Четвёртое – характер. Андрей Топкин в романе Сенчина удивляется подвижности своей супруги. Она успевает бывать почти на всех значимых мероприятиях – в городе и за пределами, знает уйму интересных людей и на протяжении двух лет семейной жизни чуть ли не ежедневно таскает своего мужа на встречи с ними. Интересуется буквально всем на свете (вспомним обширность интересов Евы) и ещё умудряется постоянно и в огромном количестве читать!
Есть ещё несколько косвенных указаний. Например, упоминание в романе Сенчина «клуба двадцати семи» – списка музыкантов, погибших в результате суицида или при странных обстоятельствах в возрасте до 27 лет. Туда же писатель добавляет коллег по цеху… Напомню, Ева пропала без вести, когда ей было двадцать шесть лет от роду, без трёх месяцев двадцать семь.
Я написала автору «Дождя в Париже», прямо спросила: верны ли мои догадки? Писатель откликнулся – вовсе нет! Вот ответ дословно: «Еву Датнову не вспоминал, когда писал Женечку. Но сейчас вижу, что сходство есть».
Так что же, все мои мудрствования – зря? Или… я наткнулась на потаённое, выраженное Ахматовой: «Когда б вы знали, из какого сора…»?
Мне действительно хочется, чтобы Ева продолжала жить. Хотя бы в качестве персонажа.
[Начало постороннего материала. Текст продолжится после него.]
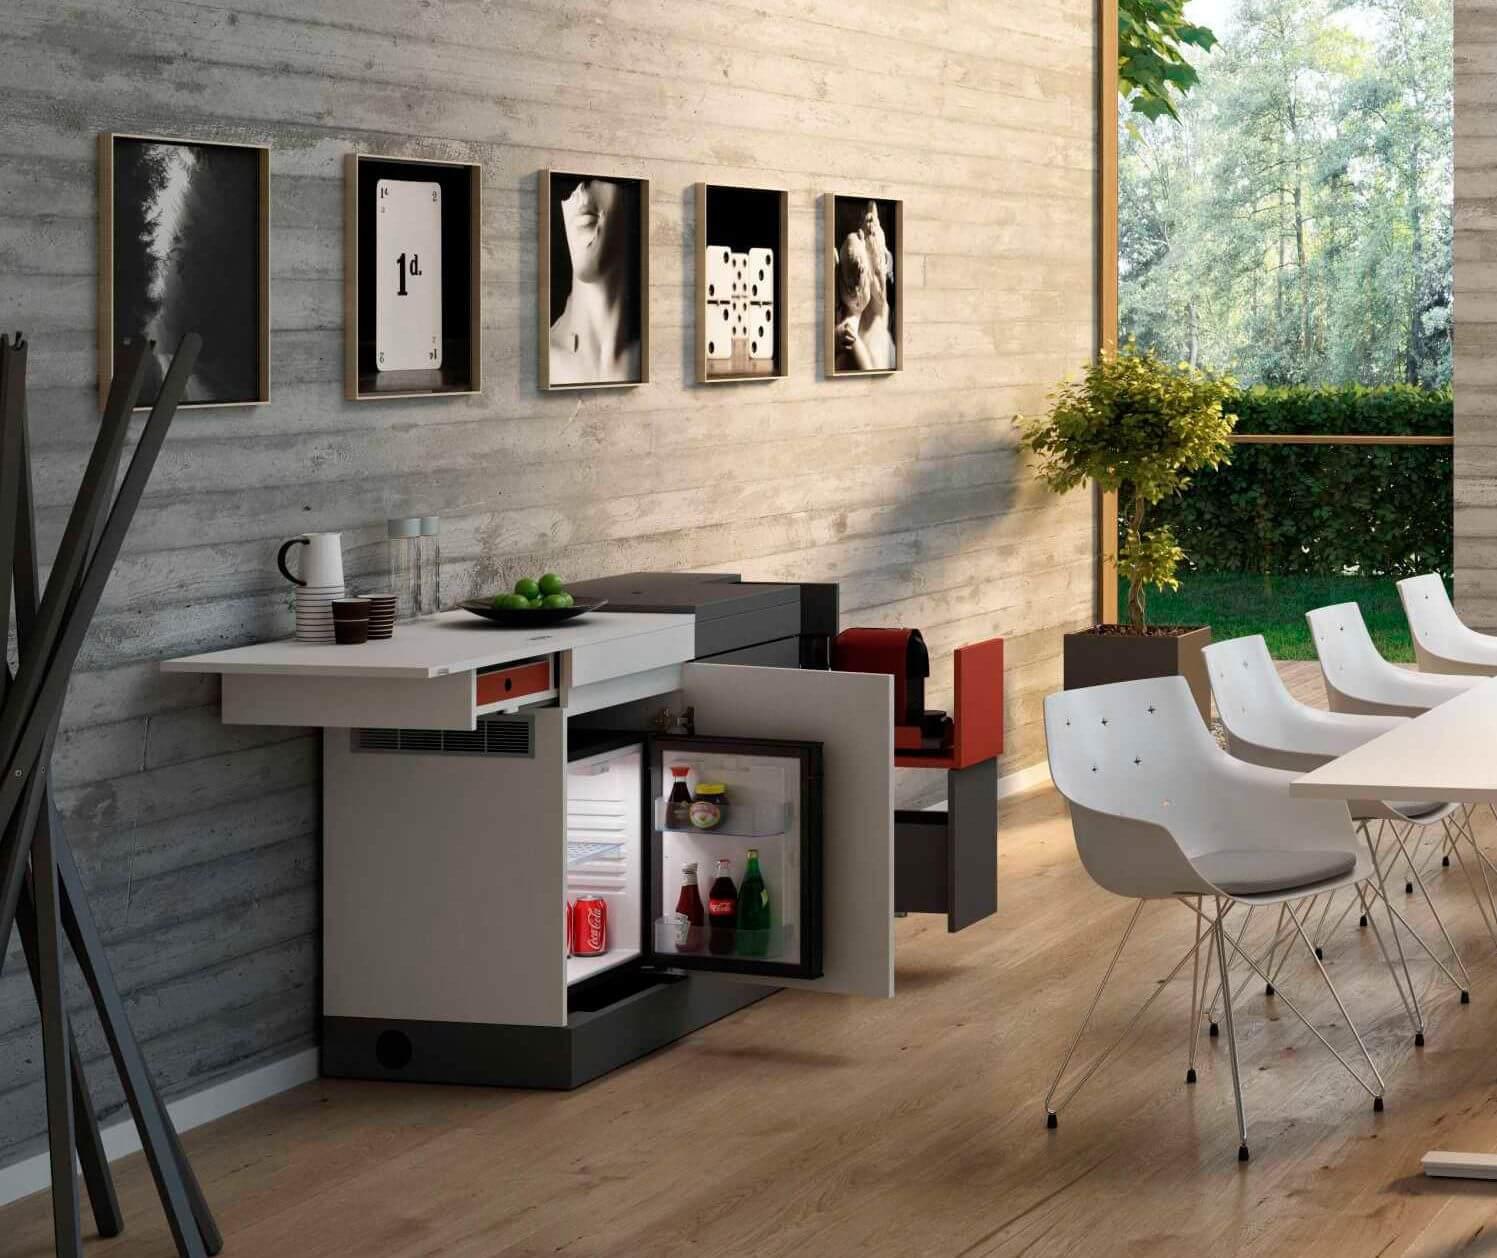 Full Size of Büroküche Comic Büro Küche Obi Büroküche Büro Küche Lidl Küche Büroküche
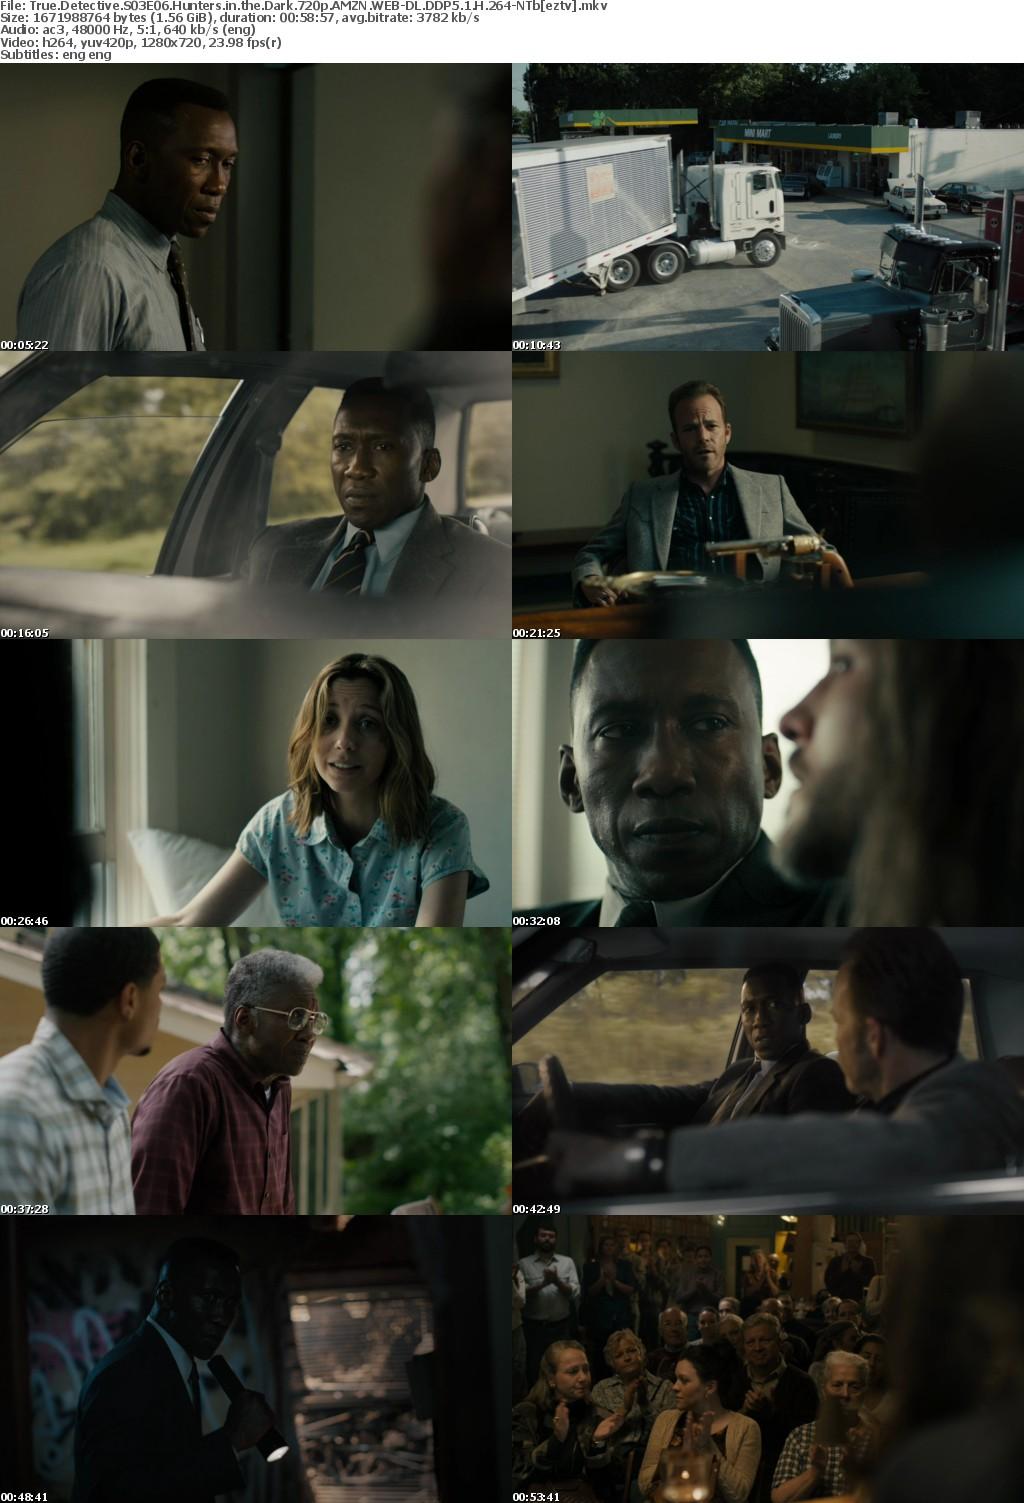 True Detective S03E06 Hunters in the Dark 720p AMZN WEB-DL DDP5 1 H 264-NTb

Иногда люди, которые начали писать в зрелом возрасте, с завистью смотрят в сторону «молодых, да ранних»:
- Везёт вам! Столько времени впереди! – имея в виду, что молодёжь уж точно успеет дорасти до большущих эпохальных произведений. Но, к сожалению, часть из тех, кто в юности начинает, рано и заканчивает. Разочаровывается в творчестве. Уходит в другие – «земные» – профессии. Или, увы, из жизни. Не удерживает даже наличие семьи и детей. Хлебнув ранней славы, мне кажется, некоторые не выдерживают следующего за взлётом творческого простоя, воспринимаемого как падение. Исчерпав жизненные впечатления, полагают, что больше не смогут ничего (а как же Юрий Олеша, опубликовавший в двадцать семь лет роман «Зависть», а потом писавший, из известного широкой публике, только отрывки, наброски и «заготовки для чего-то»? Но от таких примеров молодые отмахиваются).
Александр Башлачёв, Борис Рыжий, Дмитрий Шостак8, Евгения Сафонова9. Ева Датнова, на мой взгляд, стоит в том же ряду. И хотя со стороны кажется, будто произошедшее с ней – лихо неожиданное и непредвиденное, всё же, думаю, это – «частный случай закономерности».
В биографии Евы – минимум одна попытка суицида. Она, будучи ещё студенткой Лита, наглоталась сильнодействующего лекарства, но тогда её спасли врачи. Кроме того, у писательницы в последние перед исчезновением годы были проблемы с алкоголем. Плюс – неудачи в личной жизни... Человека, способного удержать её на плаву, не нашлось. А помощь родных оказалась, по всей видимости, недостаточной.
Скажут: такими должны заниматься психологи и психиатры. Отчасти согласна. Поэтому и назвала эссе «Случай Евы». То есть в чём-то её жизнь – именно клинический случай. Медленного убивания себя.
И всё же… спасибо «вечно молодым». За их вклад в культуру. А больше – за надежды. Жаль, не воплощённые в жизнь.
1 – из стихотворения Е. Рейна «Второпях, второпях…»
2 – Датнова Е.Б., «Земляной вал». М.: Независимое издательство «Пик», 2012 г., стр.5
3 - М. Ряховская, «Одинокий «Белый парус» Евы Датновой». «Литературная Россия», №8, 2014 год.
4 - М. Ряховская, «Одинокий «Белый парус» Евы Датновой». «Литературная Россия», №8, 2014 год.
5 – Датнова Е.Б., «Земляной вал». М.: Независимое издательство «Пик», 2012 г., стр.44
6 – Сенчин Р.В., «Дождь в Париже». М.: Редакция Елены Шубиной, 2018 г.
7 – Сенчин Р.В., «Дождь в Париже». М.: Редакция Елены Шубиной, 2018 г.
8 – Дмитрий Шостак – писатель-прозаик, учился на ВЛК при Литинституте. Покончил с собой в 27 лет.
9 – Евгения Сафонова – писатель-прозаик, член ЛИТО «Точки» (Москва). Умерла, сознательно перестав принимать лекарство от диабета, в 33 года.